Prior to analysis, cut points were established. State point classifications are: “developing proficiency” (0-2 points), “proficient” (3-4 points), and “high proficiency” (5-6 points). It should be noted that of the 41 state responses, no state received zero points.
At least 33 states demonstrated proficiency in their opioid data collection, capacity, and sharing capabilities. Of the 41 states, eight states (19.5%) were in the “developing proficiency” category, 17 states (41.5%) were in the “proficient” category, and 16 states (39%) were in the “high proficiency” category. In fact, multiple states both scored the maximum of six points, including those who have been hit hard by opioid-related overdose deaths.
States have been relentless in their pursuit to curb opioid-related overdoses and fatalities. This first-of-its-kind national survey on states’ ability to collect, analyze, and share opioid-related data revealed that many states have prioritized their data capacity, which may be a function of opioid prevalence, state-level resources, or various other issues. As states glean more of a comprehensive data picture around their respective opioid fatal and non-fatal overdoses during COVID-19, states may seek to modify their response strategies accordingly.

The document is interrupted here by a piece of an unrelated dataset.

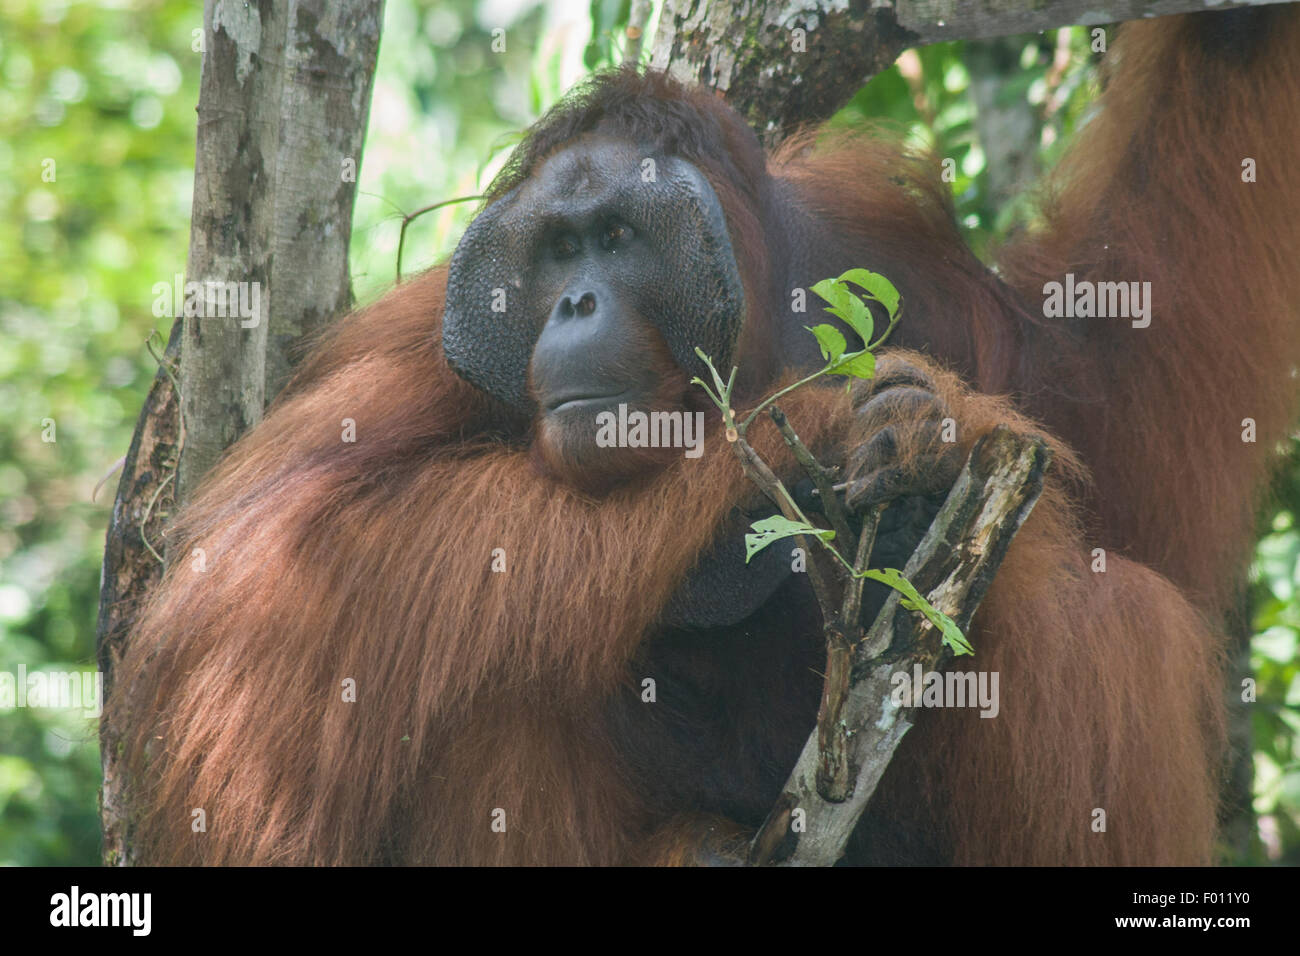 Un grande orangutan maschio con la guancia prominente pastiglie, custodia di gola, e capelli lunghi caratteristica dei maschi dominanti. Foto Stock

This survey reveals that most states receive emergency department syndromic data, collect EMS first responder data, use Medicaid to identify vulnerable patient populations and physician over-prescribing, and collect drug-related seizure and arrest data. When moving beyond agency collection capacity to examine state data collection maturity, 33 states indicated moderate to high proficiency in their ability to collect and share opioid-related data.
Although states indicated data collection remains a serious challenge, we observed that most states have much of the infrastructure to capture priority data streams. While cross-agency collaboration and memorandums of understanding (MOUs) may need to be established in order to glean information at the agency-level, the states can (and do) analyze and share aggregated opioid-related data provided by individual agencies. Amidst a global pandemic that has challenged states’ capacities to respond to increasing overdose deaths, collecting and sharing information across partners to effectively respond to new challenges will be more crucial than ever. Gubernatorial led cross-agency collaborative efforts can help states turn the tide on the current opioid epidemic while positioning themselves to respond to evolving challenges.